I realized everyone here is in the same boat, 10-60 seconds delay time, sometimes it won’t even respond causing timeout to our servers, while when using it online in your website we have literally 0 seconds delay (the typing effect of the bot is just a UX thing, and there is literally 0 delay).
Don’t want developers to have your abilities? understandable. But.

Sam Altman, if you only want us to use your API in order to learn about your product, be honest and say it, many people here raised money based on your API, and if you have no real intention to allow them to pay and get a proper speed, ALL THE TIME CONSTANTLY, then just say it so they move to another LLM. ( we are already moving, as well as multiple founders we know with $10M+)

Sometimes having 2 seconds and other time 80s, is not fair, since we counted on the 2s, and don’t even get this.
Not even mentioning this or write about this in the docs, or reply here, to the thousands of developers, is not OK.


I am the same. Recently, API is too laggy and too laggy. The delay is significant, usually lasting several seconds or more. I don’t know what’s going on? Solve Ha

1 Like

It’s fair to be upset with the downtimes and service issues. Although the typing effect is not just visual. GPT itself outputs one token at a time.

If you are not using stream=true then you are waiting for the complete response which will add to your delay.

Are you also using a retry/backoff library? It’s fair to complain and demand better service but in the meantime there are solutions to make the experience better for the end user.

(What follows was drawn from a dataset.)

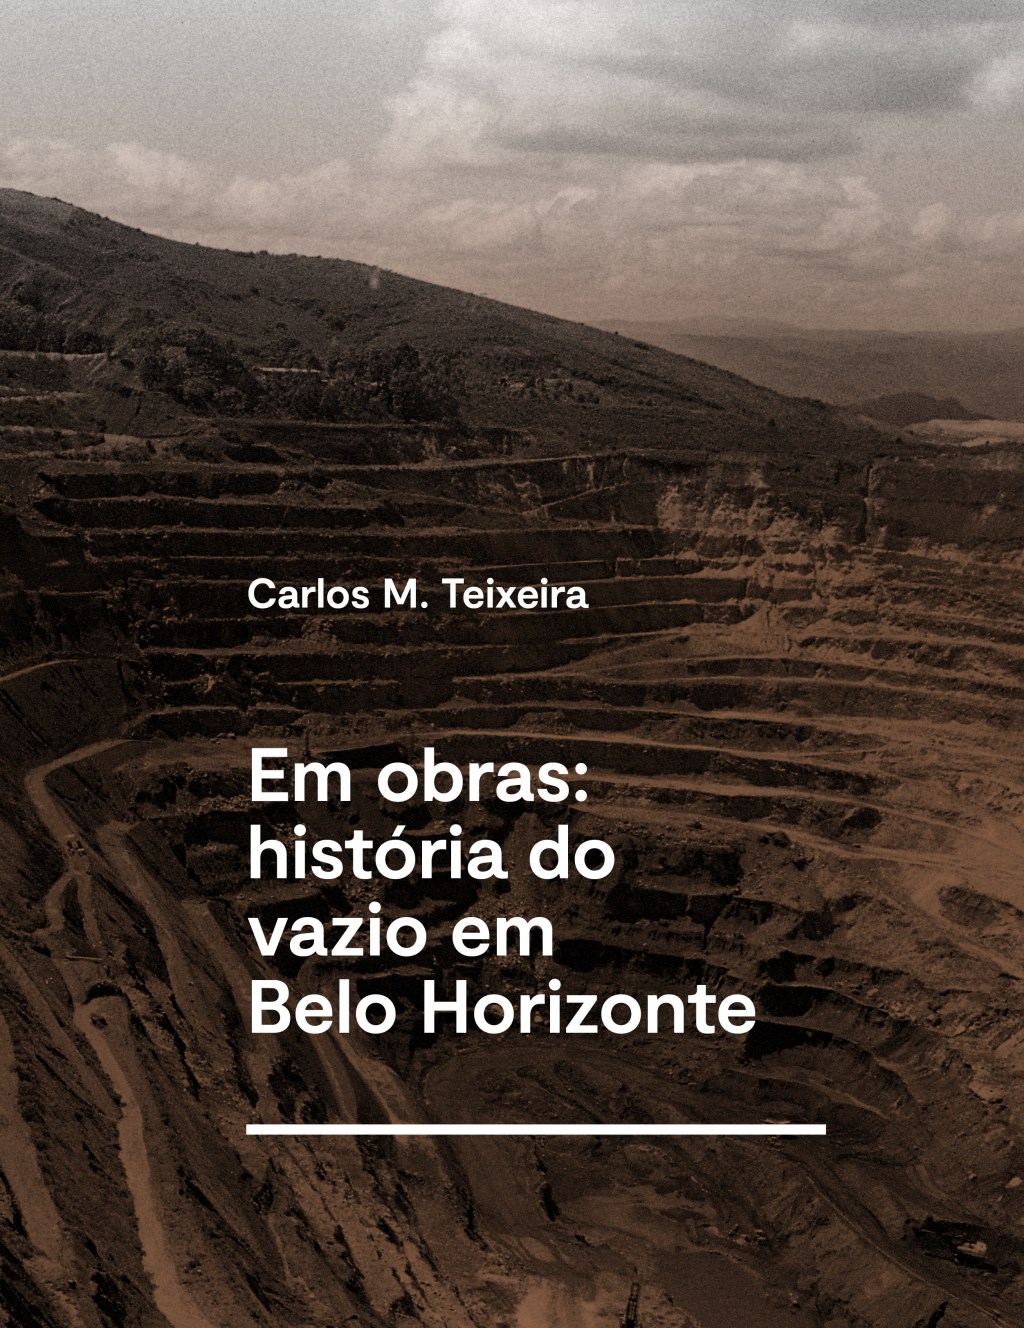 Capa livro Em obras, de Carlos M. Teixeira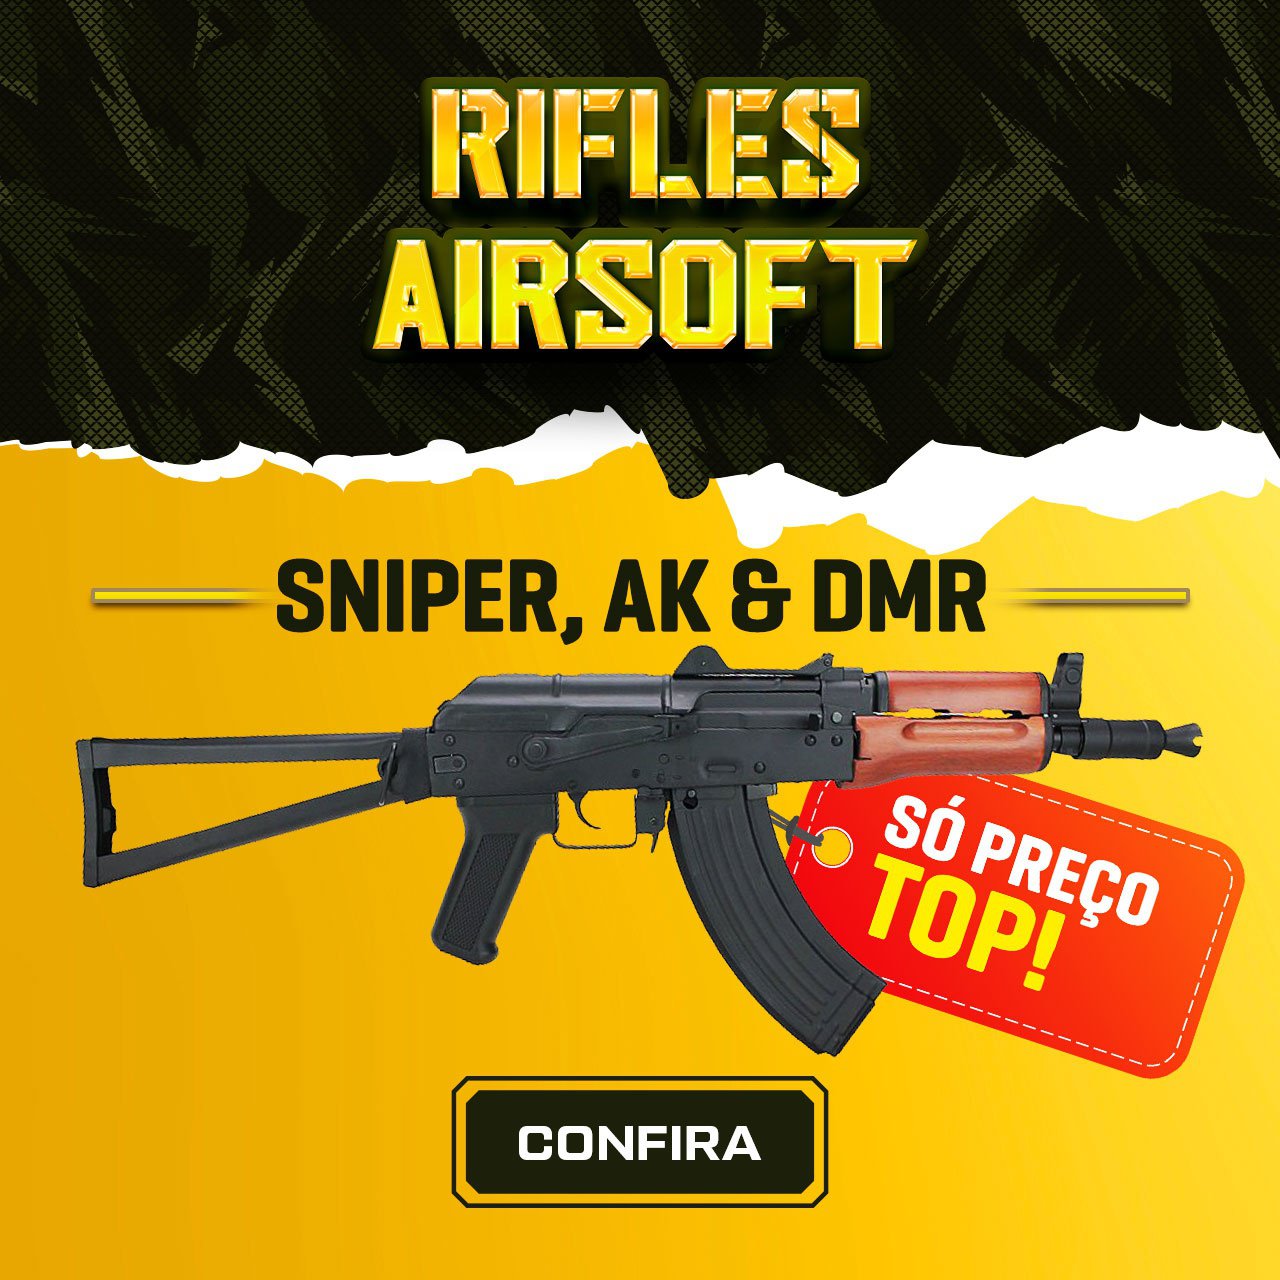 Rifles Airsoft - Seleção Sniper, AK & DMR - Só preço TOP!

Where there’s a problem, there’s an opportunity. Yinyang baby

For example, a typing indicator for a bot. Let’s be real. Before GPT you, or someone else would have to spend way more time to formulate and write up a response. A couple seconds - even a minute is still blazingly fast compared to humans.

1 Like

I expect that the latency will decrease over time, right now, most of it is a factor of high server load, so as we scale up in the next few months, we will be better at this! Thanks for being patient and hanging in there, the demand is truly unprecedented so it’s a very difficult problem to solve.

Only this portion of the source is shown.